Go ahead and insert your dated Forrest Gump joke about shrimp here. Julie Tip #3: don’t forget to remove the tail because once you’re eating, it becomes a hassle and I’m just lazy.
This is what I think people on the clean eating diet dream about each night.
Almost there.
So close. Julie Tip #4: taste before adding more salt and pepper. Sometimes, you don’t need it and it’s always better to under salt than over salt. If this was the Rachel Ray Show, you all would be applauding me right now.
You did it, kid! God bless the Greeks and their greatest creation: feta cheese.
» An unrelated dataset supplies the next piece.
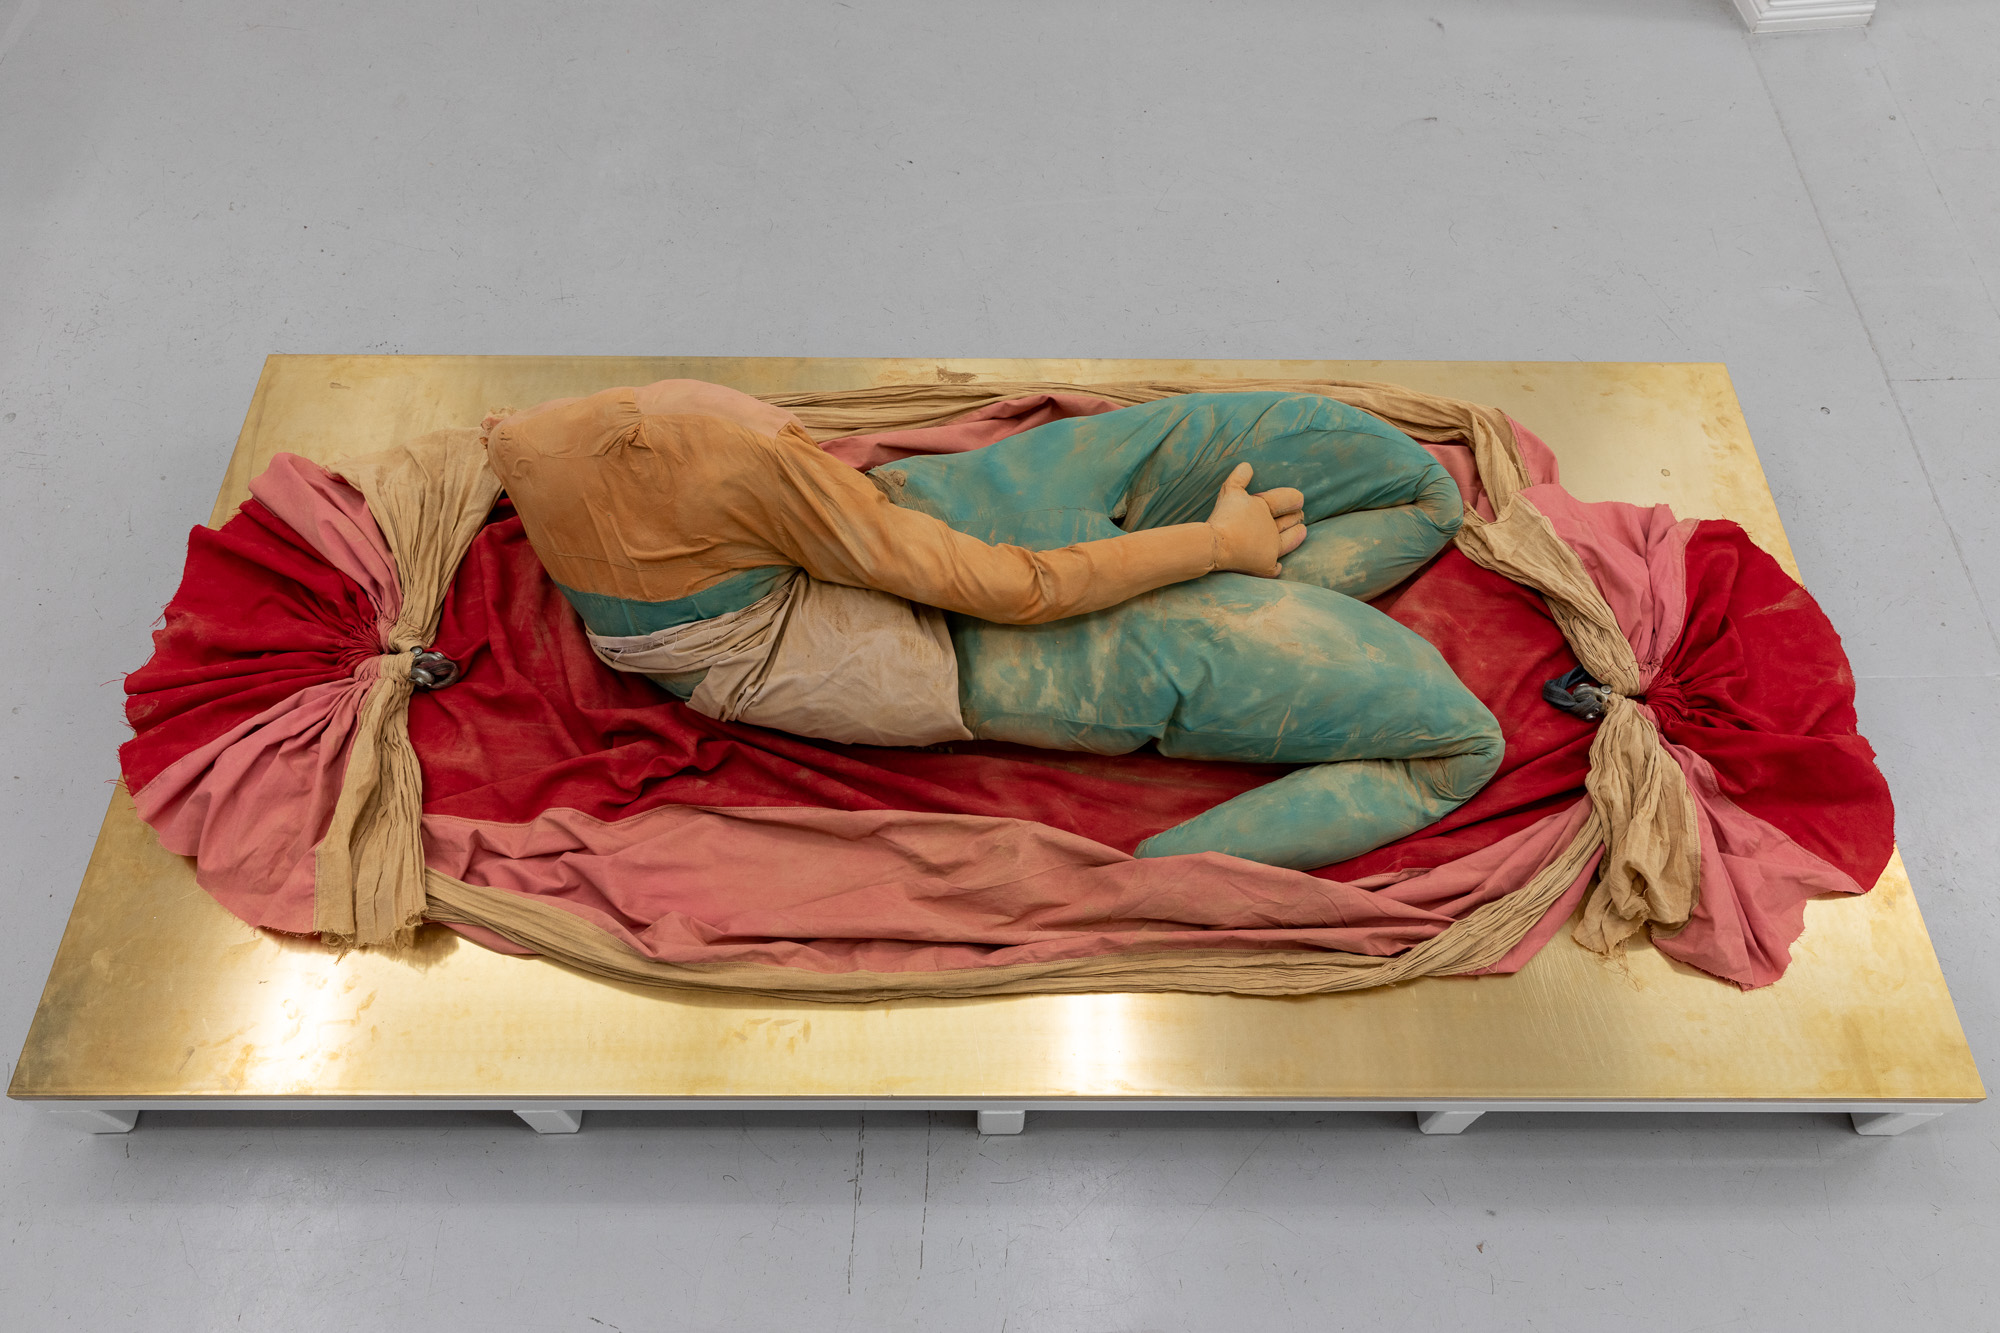 Palett Diva, 2020, Mixed media (textile, clay, powder-coated steel, brass, plywood) on artist designed pedestal, 54 x 100 x 200 cm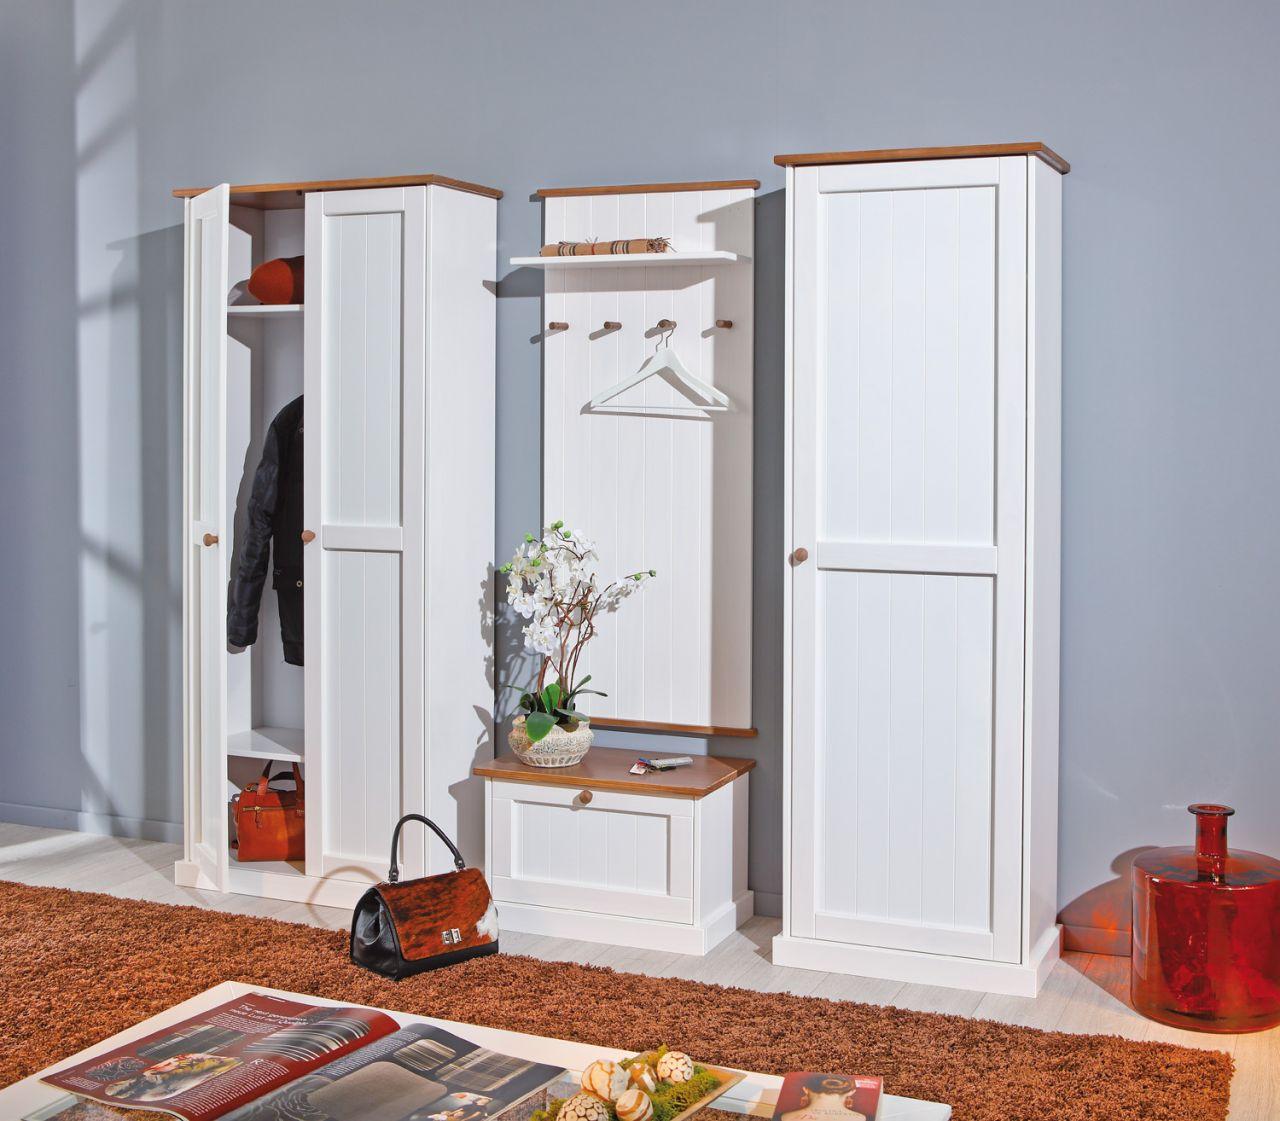 4-tlg. garderobe garderobenset landhausstil massivholz 2-farbig

Your economy may be shit but your cheese is amazing.
Roasted Shrimp and Orzo Salad
Adapted from Ina Garten’s Barefoot Contessa
- 3/4 lbs of uncooked orzo
- 2 lbs of shrimp, peeled and deveined (Because that vein is nasty to eat IMO.)
- 1 hothouse cucumber, seeded (just scoop them out with a spoon) and medium-diced
- generous handful of dill, chopped
- generous handful of Italian parsley (The flat leaf kind, people), chopped
- 1 cup of minced scallions (green onions), use both green and white parts – think about 3 to 4 green onion stalks
- 1/4 cup lemon juice (If you’re doing fresh lemons, this is about 1 and 1/2 lemons; use the remaining lemon in your hard lemonade you’re drinking while cooking.)
- olive oil
- salt and pepper
- 3/4 pound of feta cheese, large diced (Julie Tip #5: Get it in a “shaker” container. Your life just got easier.)
- Optional: handful of cherry tomatoes (for color), sliced
- Optional: handful of basil, chopped (Because basil makes life better. It’s a fact.)
Get Ready to Cook
- Preheat your over to 400 degrees, and make sure the cooking rack is in the center of the oven.
- Fill a large pot with water, and sprinkle some salt and a few drops of olive oil (so orzo doesn’t stick) and bring it to a boil. (Julie Tip #6 Italian style: If you’re going to cook pasta with a heavy sauce (marinara or Alfredo), NEVER put olive oil in the water. This makes the pasta slippery and sauce doesn’t adhere to it. It’s okay for this recipe, however. I know. Hypocrite.)
- When the water comes to a boil, stir in the orzo and cook according to instructions on the box (usually 11 minutes for al dente). Don’t forget to stir occasionally! Drain the orzo when time’s up and transfer to a large bowl.
- In a small mixing bowl, combine the lemon juice, 1 tsp of salt (Be careful not to over salt this dish!), 1 tsp of pepper, and 1/2 – 3/4 cup of olive oil (I like a little more olive oil in my dish) and whisk together. (This is a great workout, BTW.) Pour over the pasta and stir.
- In the same mixing bowl (why waste bowls?), add the shrimp, drizzle with olive oil and sprinkle with salt and pepper. You could also had a squeeze of that lemon half you didn’t use, unless it’s in your drink. Mix it all together, and pour onto a sheet pan. Make sure the shrimp is in a single layer. Cook for 6 minutes and DO NOT OVERCOOK THE SHRIMP. Trust me: 6 minutes is plenty of time.
- Add roasted shrimp to the orzo, followed by the dill, parsley, cucumber, scallions, and basil and tomatoes (if you included them). Sprinkle in an additional 1 tsp of salt and 1 tsp of pepper. Mix well. Add feta cheese and mix carefully.
- Serving advice: cover and refrigerate this for an hour or two before serving.
Bon appetit! If you make this, let me know how it went and if you added anything! Happy cooking!